We stayed at Nova Family Campground, one of the prettiest and most peaceful parks in the area. The 450-site RV park, filled with mature Spanish moss-draped oaks, is one of the few shady parks in central Florida. It offers full hookups, a store, a shower house and a nice pool area.
“You’ll see lots of local wildlife in this park,” reservationist Mary Steele told us. “We regularly see raccoons, armadillo, egrets, hawks and more.”
Up, Up and Away
For our last day in Daytona Beach, we took a horseback ride at Shenandoah Riding Stables, one of the few rental stables left in the area. It’s a ramshackle place, but the horses are in good condition and our wrangler, Buck, quickly matched each person’s riding ability with the right horse. We headed out single file across pastures filled with cattle. This, too, is old Florida and an aspect of life that’s quickly disappearing.
We passed through a gate and entered a thick forest of palmetto, palms, oaks and invasive species such as wild aster. The majority of plants in Florida today are introduced non-natives. We got to a spot on the trail the horses knew well and my horse, Cowboy, quivered with excitement. “OK, let’s go,” Buck called out, urging his roan into a fast gallop. Our horses followed suit, thundering down the sandy track.
Buck pulled up, waiting for the riders who preferred a slower pace. Two more times, we galloped through the forest before heading back to the stable. As I dismounted, muscles in my thighs protested loudly.
After lunch, we returned to Ponce Inlet for our final adventures. Ponce Inlet is home to Ponce Inlet Lighthouse and Museum, an impressive red monolith that has guided seamen for 124 years. I clambered up the 203 steps of the circular stairway. It left me breathless and so did the view.

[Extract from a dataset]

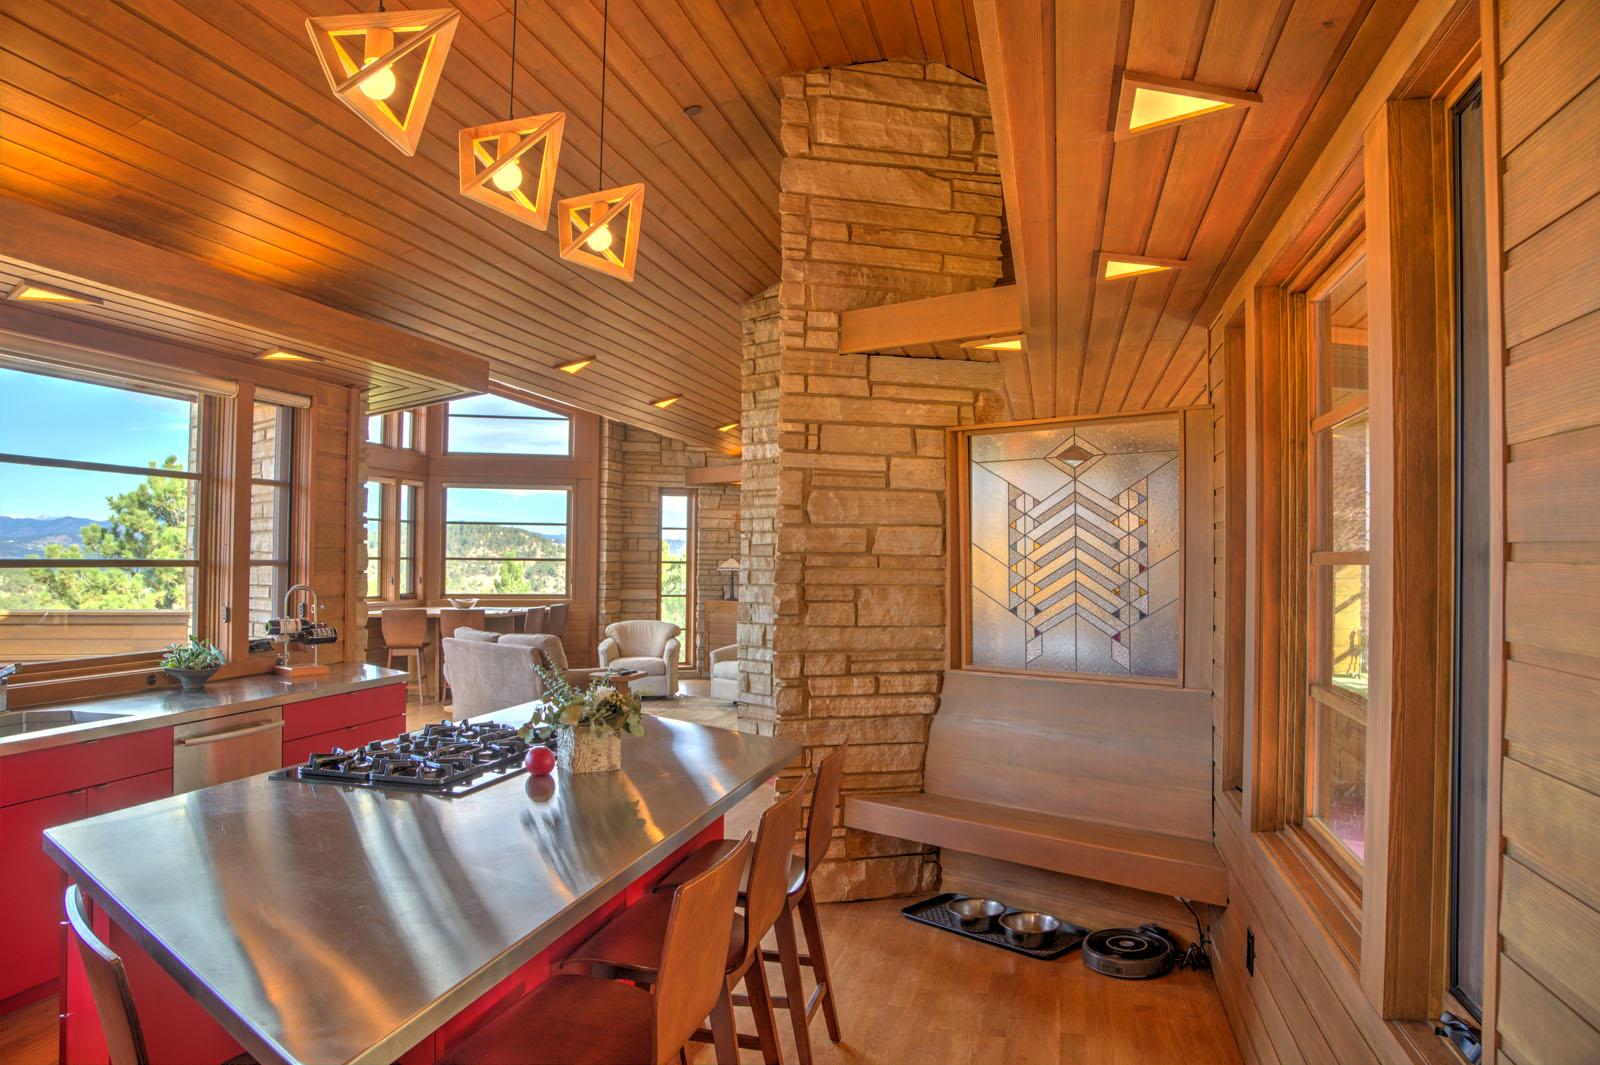 http://scdac.com/wp/wp-content/uploads/2P4A8172_3_4_5_6_7_8_Steves-FLW-House-Interior-2.jpg

Then it was on to parasailing. We motored out of the inlet into the ocean. Crew members sent a parachute with a giant yellow smiley face billowing behind the boat. Then they outfitted two of us in harnesses and life jackets and clipped us to a rather flimsy looking board. As they played out the rope, we lifted up effortlessly. At first, we hovered 20 feet or so above the water. Once the rope stopped, we climbed steadily — 50 feet, 100 feet, 200 feet, 400 feet. It was amazingly quiet and peaceful and I felt unafraid (amazing for someone fearful of heights). The views were spectacular: broad expanses of beach, high-rise hotels, boats buzzing in the water below us.
The boat made a couple of large, lazy arcs as we floated effortlessly above. Soon the crew reeled in the rope and we began losing altitude. As easily as we rose, we floated down. Before we knew it, we stood on the deck, grinning and giving each other high-fives.
As we packed up the motorhome for home, we reflected on our adventures. We know we’ll be back to Daytona Beach soon — exploring even more of its wild side.